The research is being funded as part of the Clinical Sequencing Evidence-Generating Research (CSER2) Consortium. CSER2 builds upon the Clinical Sequencing Exploratory Research (CSER) Consortium, initiated in 2010 and funded by the National Human Genome Research Institute (NHGRI) and the National Cancer Institute (NCI), both part of NIH. The new grants will support the development of methods needed to integrate genome sequencing into the practice of medicine, improve the discovery and interpretation of genomic variants, and investigate the impact of genome sequencing on healthcare outcomes.

“CSER’s initial goal was more exploratory in nature to see if we could, in fact, integrate genome sequencing into clinical care,” said Dr Lucia Hindorff, a program director in NHGRI’s Division of Genomic Medicine. “The exploratory focus allowed each site to develop its own approach. Working together, CSER investigators were effective in identifying common challenges and opportunities for advancing this integration.”

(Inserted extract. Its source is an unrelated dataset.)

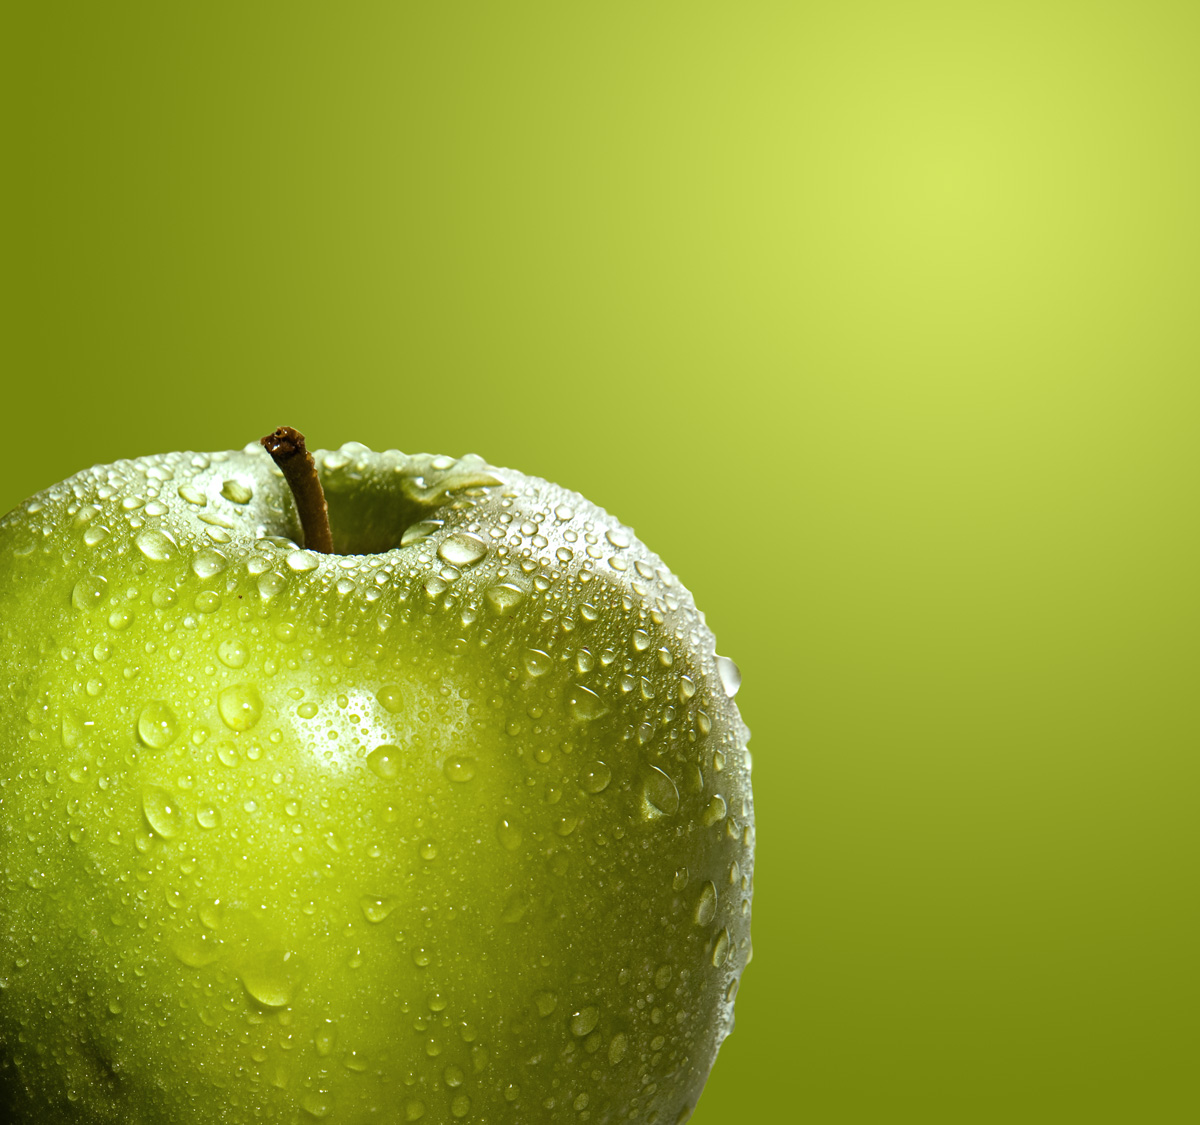 http://1.bp.blogspot.com/-qbAP6DAvohU/TVl1TEC1a7I/AAAAAAAAABE/AaDiydgts-w/s1600/green%20apple.jpg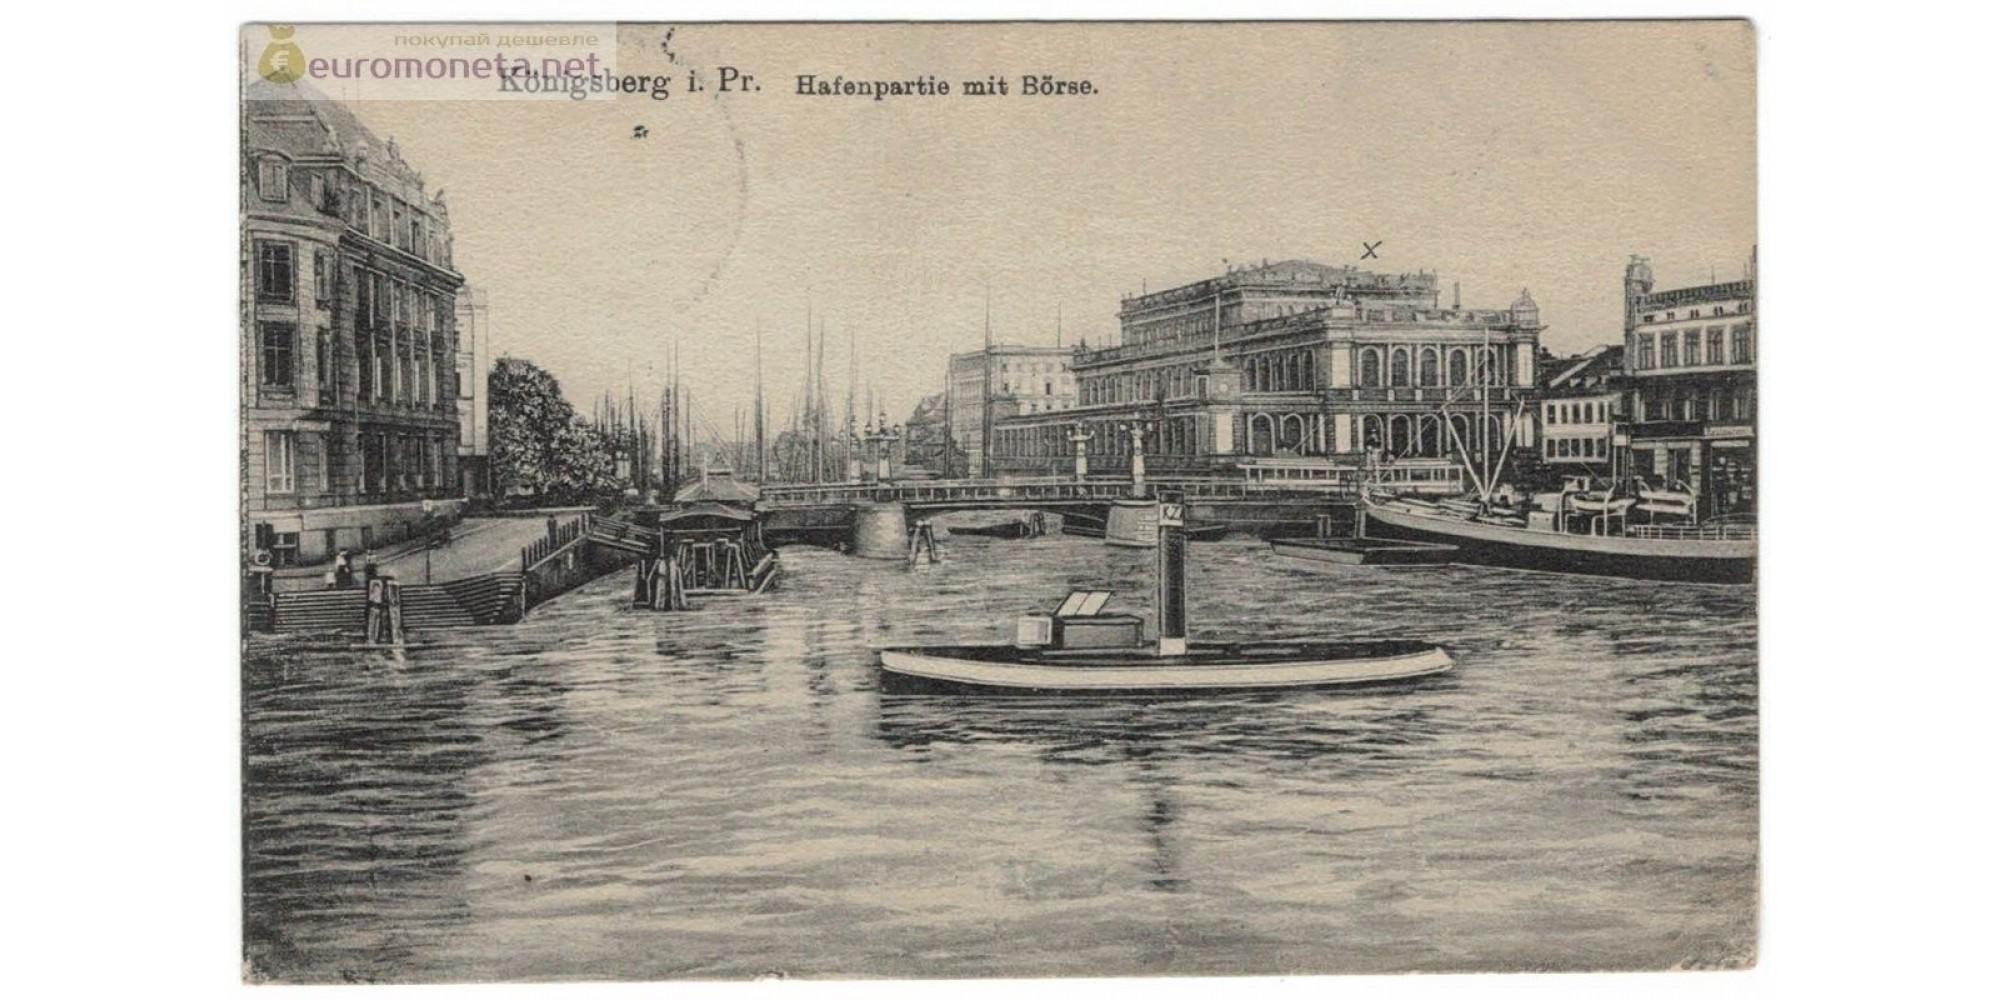 Открытка Пруссия Кёнигсберг Kenigsberg биржа мост река Прегель гавань

With this new round of funding, CSER2 investigators will continue the effort to generate evidence for the usefulness of genome sequencing in clinical care, but with a focus on diverse and underserved individuals. To that end, NHGRI and NCI have partnered with the National Institute on Minority Health and Health Disparities (NIMHD) to improve processes for recruiting and retaining patients to participate in research from diverse racial and ethnic groups, as well as from currently understudied clinical healthcare settings where genomic medicine could potentially be put into practice.

“Engaging patient populations that are traditionally underrepresented in genomics research, coupled with the inclusion of broader types of healthcare settings, will enrich the data that result from CSER2,” said Dr Regina Smith James, director of Clinical and Health Services Research at NIMHD.

CSER2 is awarding grants to six clinical sites and one coordinating centre, with the awards planned for a total of four years. CSER2 will also continue to include collaborators such as those from the NHGRI Intramural ClinSeqÒ study. The clinical sites – all with a goal of recruiting at least 60 percent of participants from diverse or underserved settings – will include research that covers geographical areas from the racially diverse populations in Houston, to the underrepresented minority populations in Harlem and the Bronx in New York.

Each project will address additional areas that will be common across CSER2 sites, such as the effectiveness of treatment decisions; patient and familial response to genomic testing; patient-provider-laboratory interactions that influence the use of genome sequencing; and integrating genomic, clinical and healthcare data to build a shared evidence base for clinical decision making.

With the help of the coordinating centre, which assures the organisation and logistical support to stimulate synergies among the six individual projects, CSER2 will continue to develop and enhance the evidence base required to bring genome sequencing to non-academic clinical settings, as well as to diverse patient groups.